WorldSim's Feature-Rich Comeback: The relaunch of WorldSim includes features such as WorldClient and Mind Meld, with a new pay-as-you-go model for tokens, and a selection of models (Opus, Sonnet, Haiku) for different cost profiles.

Scrutinizing LLMs Across the Spectrum: Discussions on the slight margin in performance between Llama 3 8B and Mistral 7B, despite Llama's larger dataset, graced the forum. Meanwhile, evaluations of Llama 3 70B show more promise, and there are varied stances on the relevance of the term 'grokking', particularly in reference to LLMs.


LM Studio Discord


Stability.ai (Stable Diffusion) Discord


CUDA MODE Discord


OpenAccess AI Collective (axolotl) Discord

BOS Token Issue Resolved for LLaMa-3: An important fix was addressed with LLaMa-3's fine-tuning process, as a missing BOS token was causing issues; this has been rectified with a PR in the tokenizer configuration.

Fine-Tunning LLaMa-3 Hits a Snag: While trying to fine-tune LLaMa-3, a user faced a mysterious RuntimeError, noting this issue did not occur with other models like Mistral and LLaMa-2.

Tokenizing Troubles: The LLaMa-3 tokenizer's extensive vocabulary sparked a debate about its necessity and efficiency, some favoring a streamlined approach, others defending its ability to encode large texts with fewer tokens.

VRAM Consumption Detailed for Large LLMs: A clear VRAM usage breakdown was provided for large LLMs, revealing logits and hidden states sizes up to "19.57GiB" and "20GiB" respectively, using a massive "81920 tokens" batch size.

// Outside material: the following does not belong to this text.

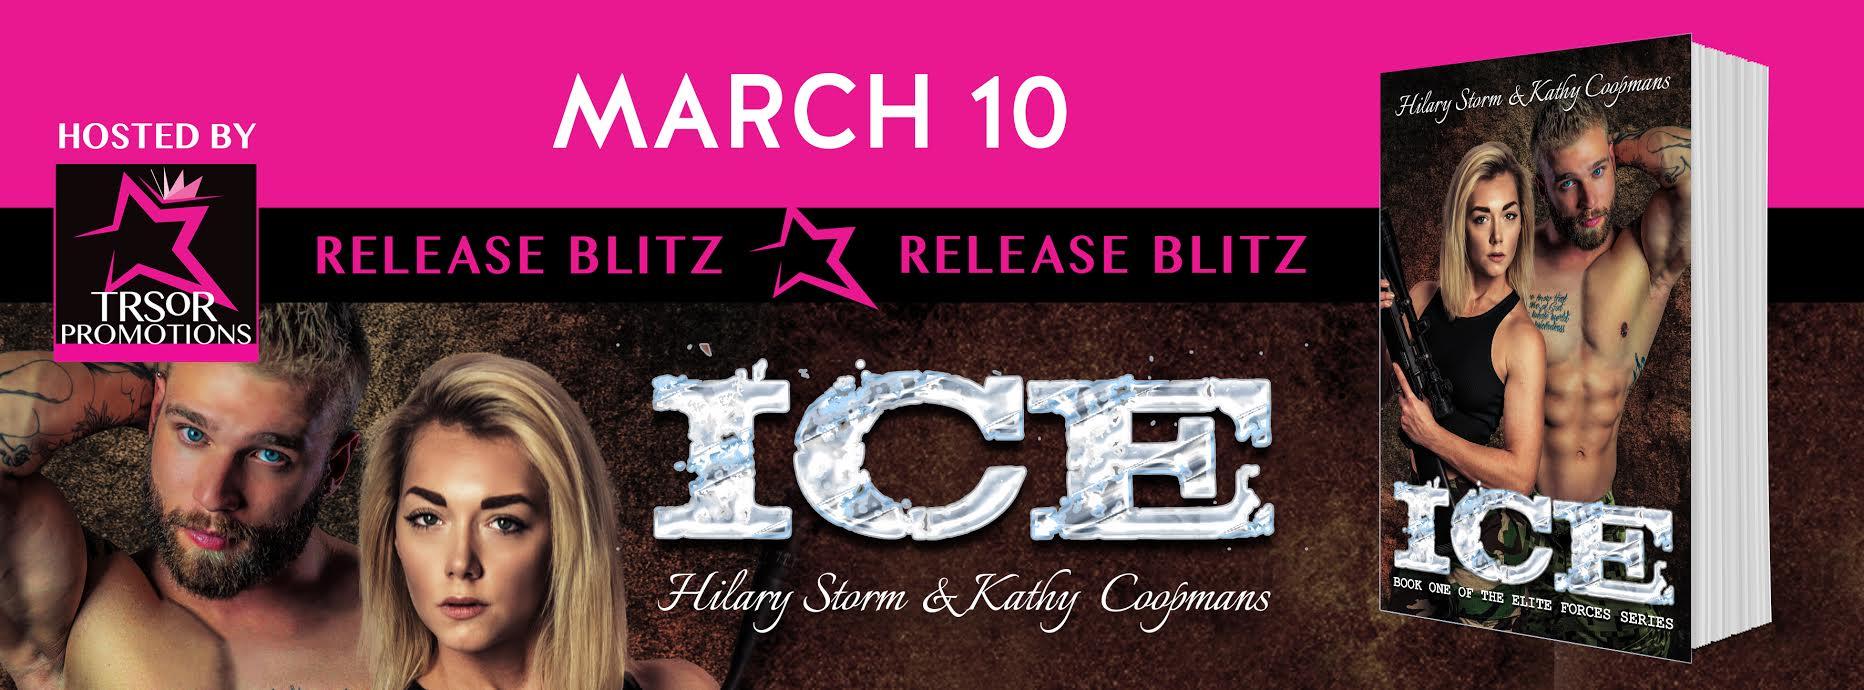 ICE by Hilary Storm & Kathy Coopmans Release Day Blitz and Excerpt

Axolotl's Resources for Dataset Customization: A pointer was given to Axolotl's datasets documentation for those seeking to understand custom dataset structures, offering key examples and formatting for various training tasks.


Eleuther Discord


Modular (Mojo 🔥) Discord

C++ Sneaks Past Python: Discussions revealed a performance advantage for C++ over Python/Mojo interfaces, linked to the bypass of Python runtime calls, potentially impacting inference times.

Frameworks Forge Ahead: Dialogues indicated a bright future for building Mojo frameworks, with anticipation for a time when Python frameworks can be utilized within Mojo, echoing the compatibility seen between JavaScript and TypeScript.

Performance Enigmas and Enhancements: A user reported that a Rust prefix sum computation was significantly slower than Mojo's, spawning a performance mystery. Meanwhile, a separate debate on introducing SIMD aliases in Mojo shows momentum toward refining the language's efficiency and syntax clarity.

Teaser Tweets Tantalize Techies: Modular released a series of teaser tweets suggesting a major announcement. While details remain scarce, anticipation is evident among followers awaiting the revelation.

Video Assistance Request Resonates: A member's request for likes and feedback on their AI evolution video not only seeks community support but also reflects the commitment to AI education and discourse even under tight timelines.


HuggingFace Discord


OpenRouter (Alex Atallah) Discord


Latent Space Discord


LAION Discord

Meta's Mystery Moves: Debate ignited over Meta's unusual practice of restraining LLaMA-3 paper release, signaling a potential shift in their framework for model releases, yet no reason for this divergence was cited.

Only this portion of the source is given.